ENTRIES SHOWN section start
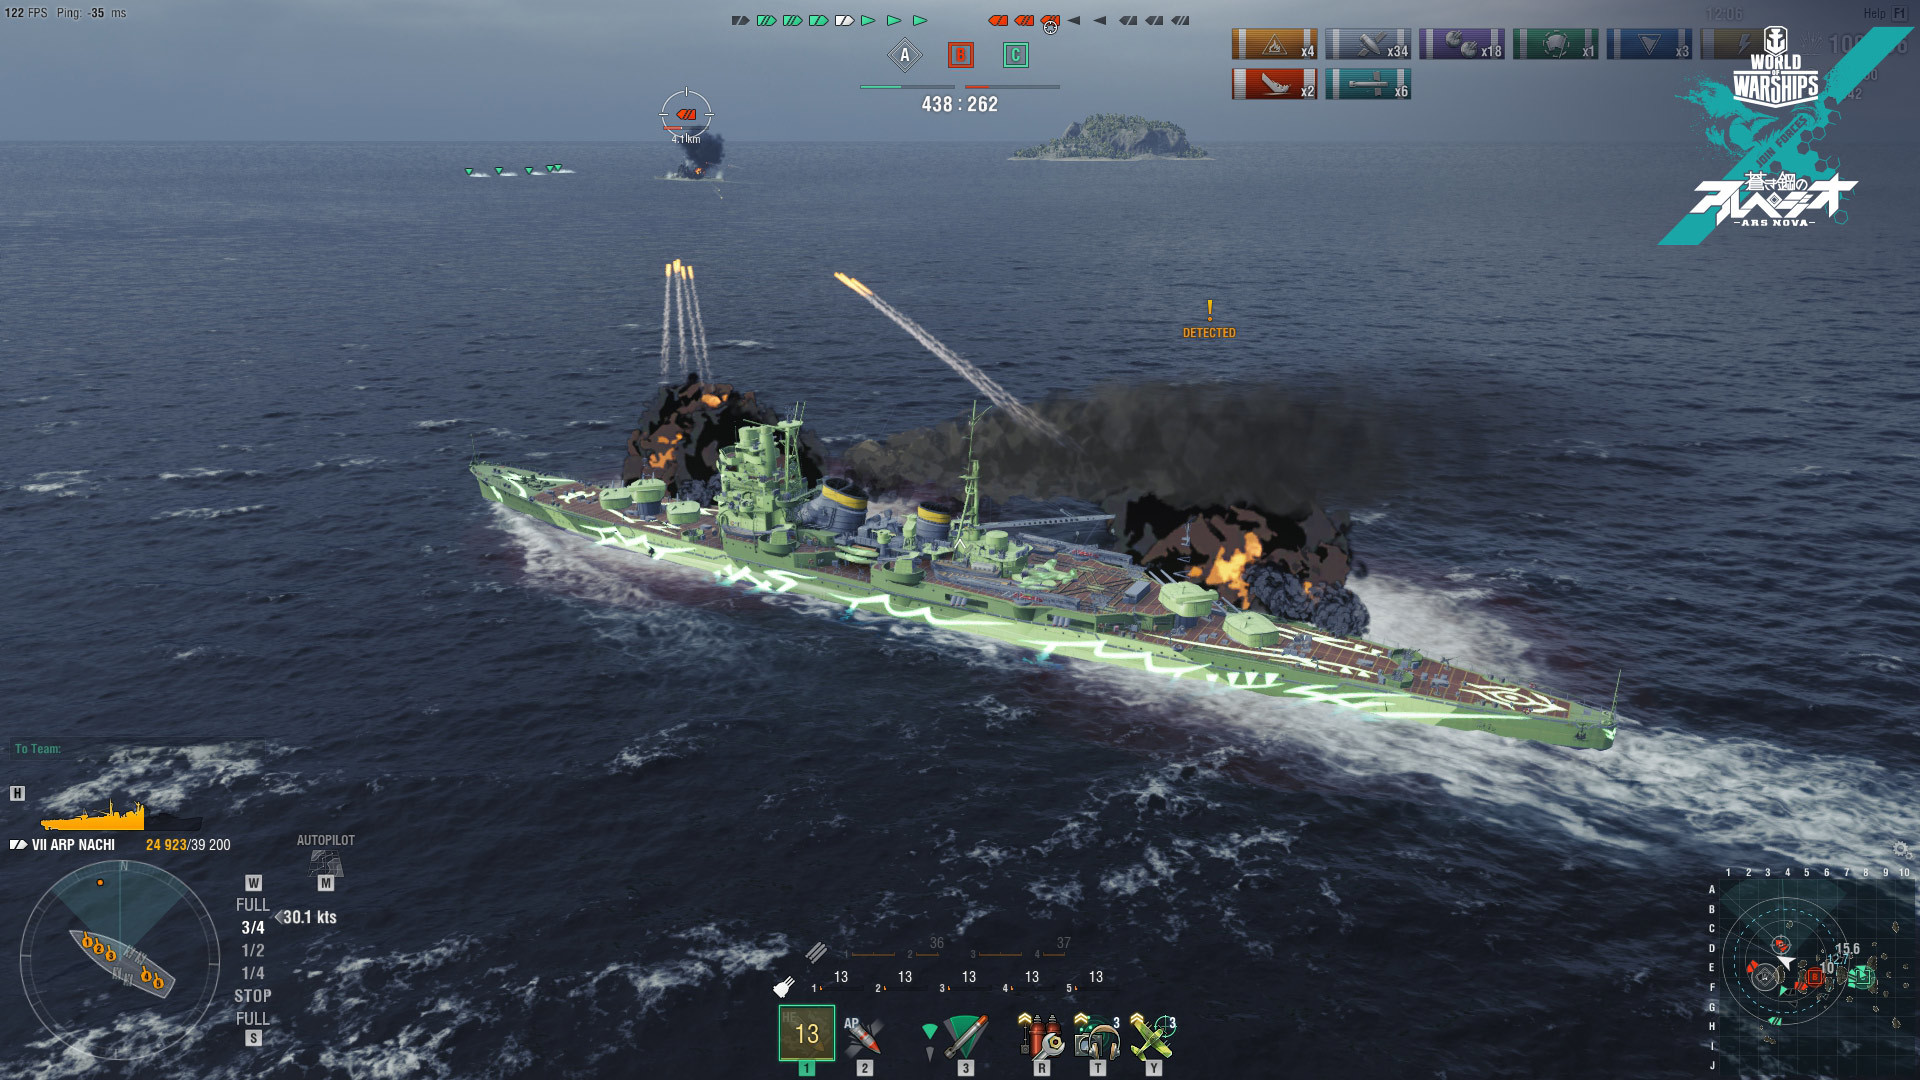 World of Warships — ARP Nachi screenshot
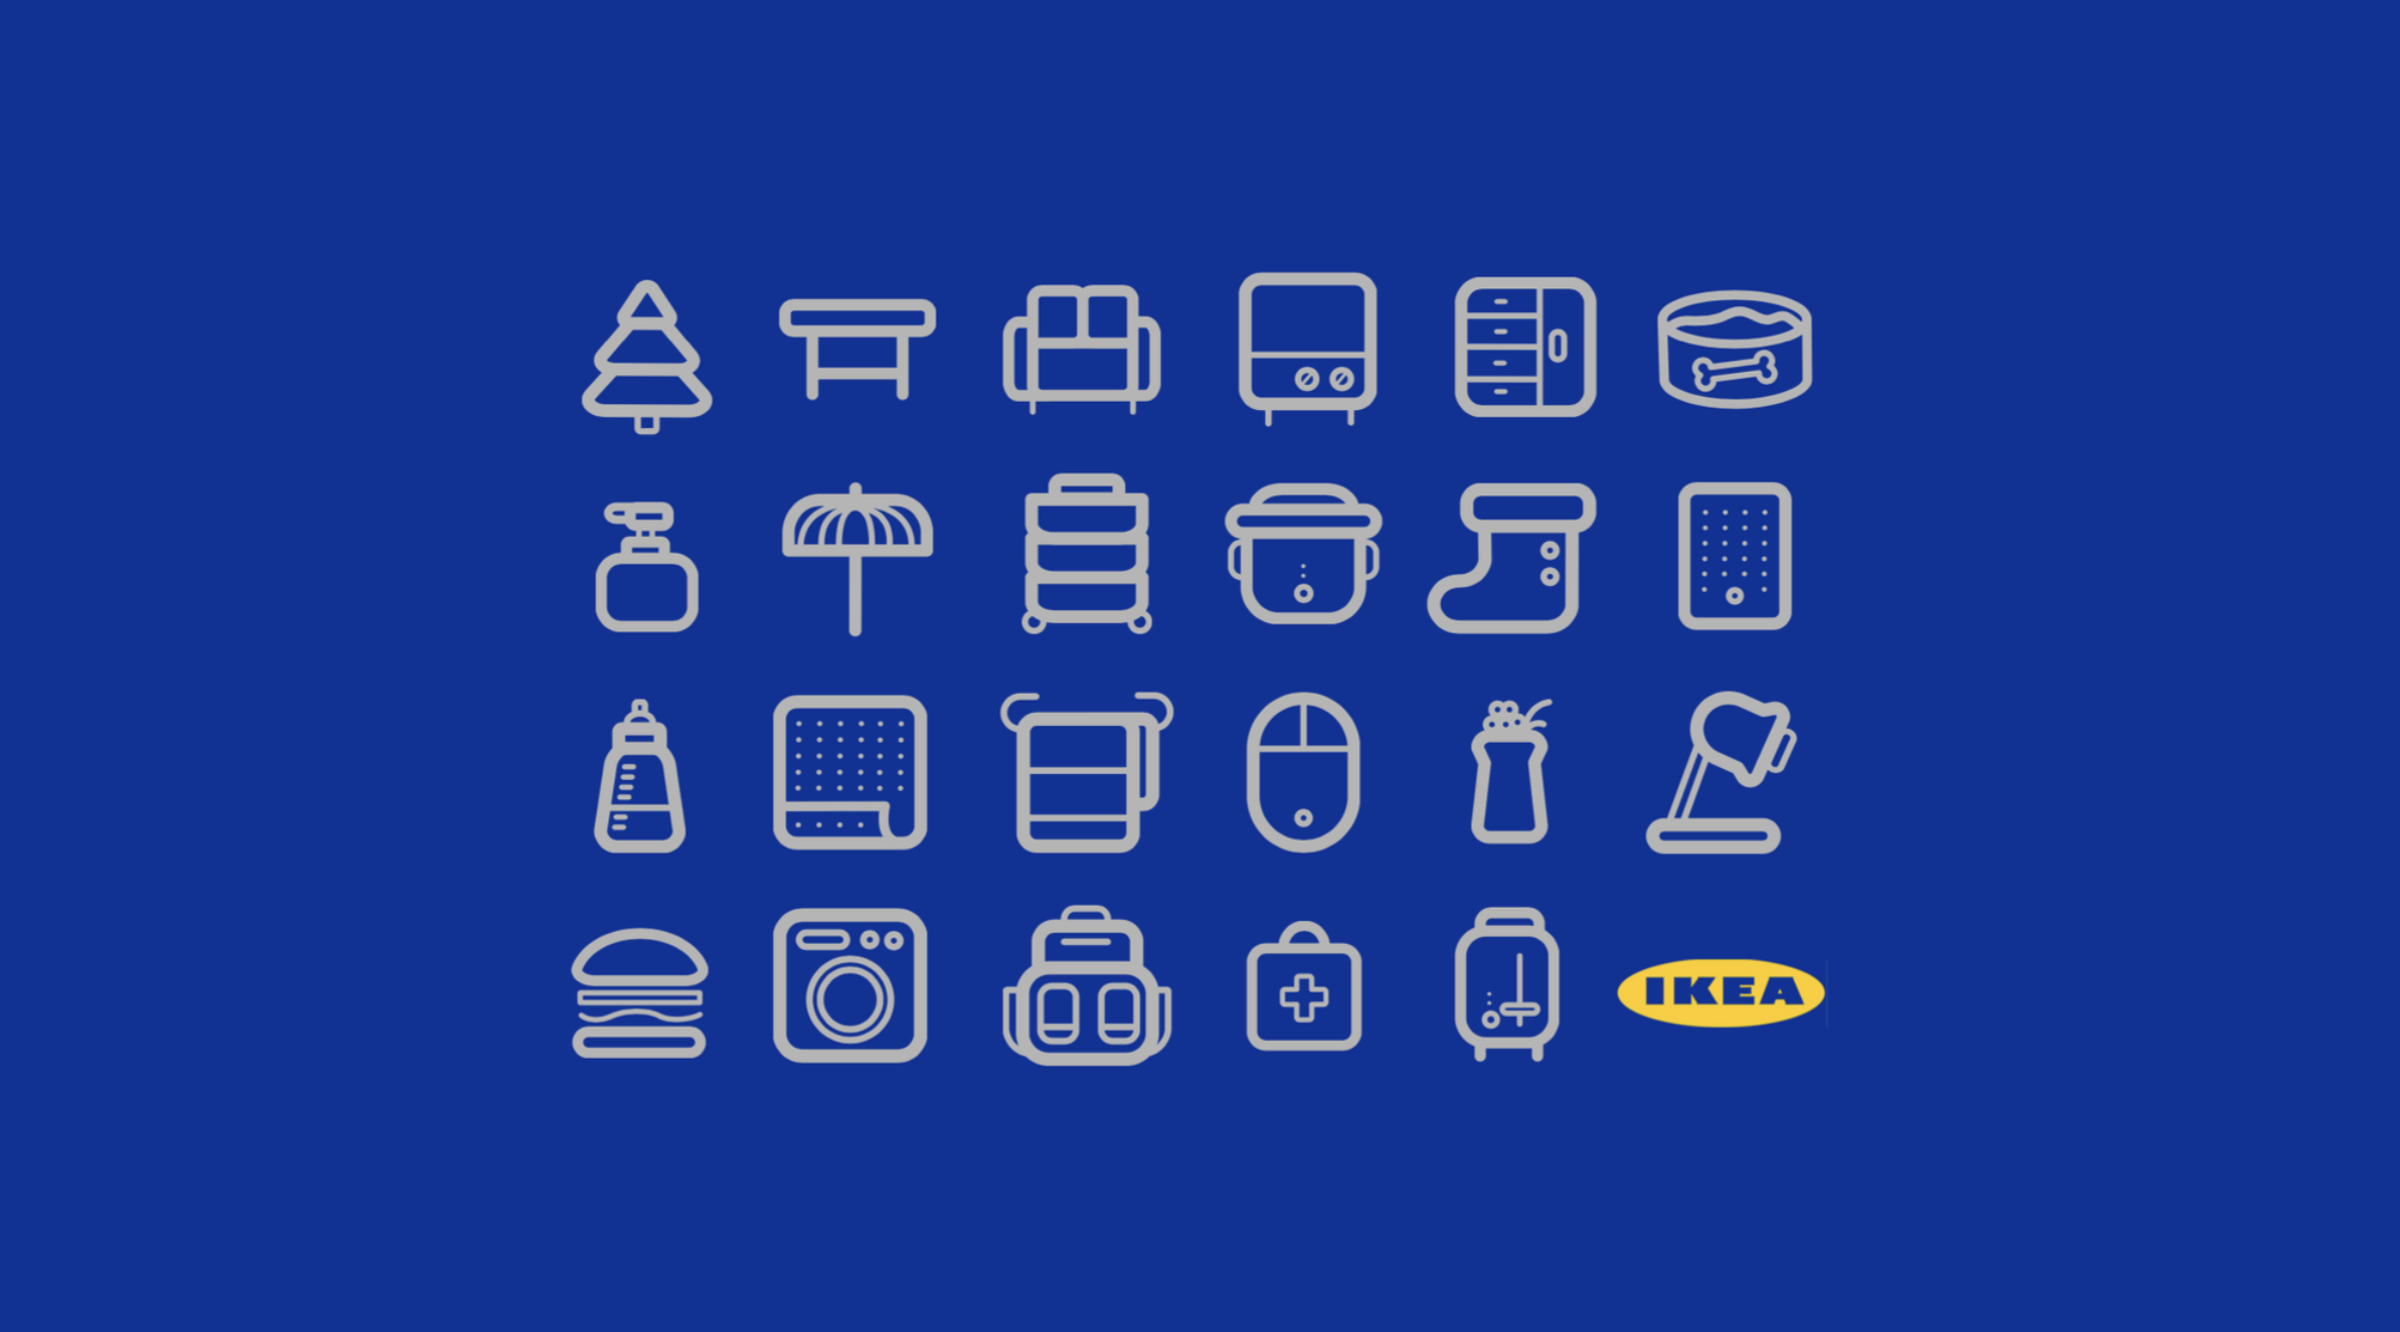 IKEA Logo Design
ENTRIES SHOWN section end
ENTRIES SHOWN section start
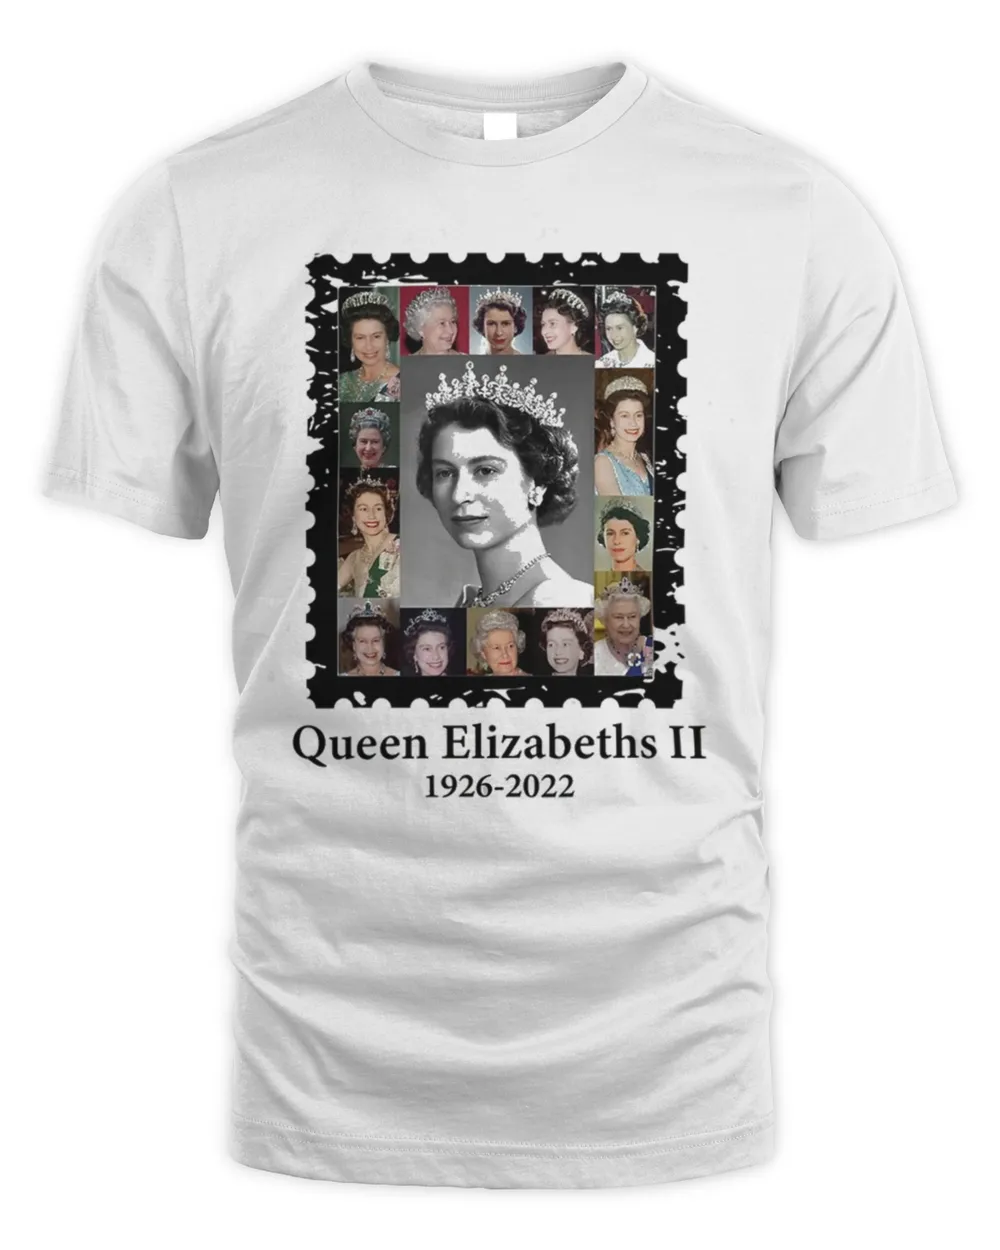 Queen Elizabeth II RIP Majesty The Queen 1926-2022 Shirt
ENTRIES SHOWN section end
An exact copy of the lines above from the one with "World of Warships — ARP Nachi screenshot" up to and including the one with "IKEA Logo Design" is required; reproduce only those lines, omitting all pictures.

* _SOLUTION TO THE PROBLEM_
 World of Warships — ARP Nachi screenshot
 IKEA Logo Design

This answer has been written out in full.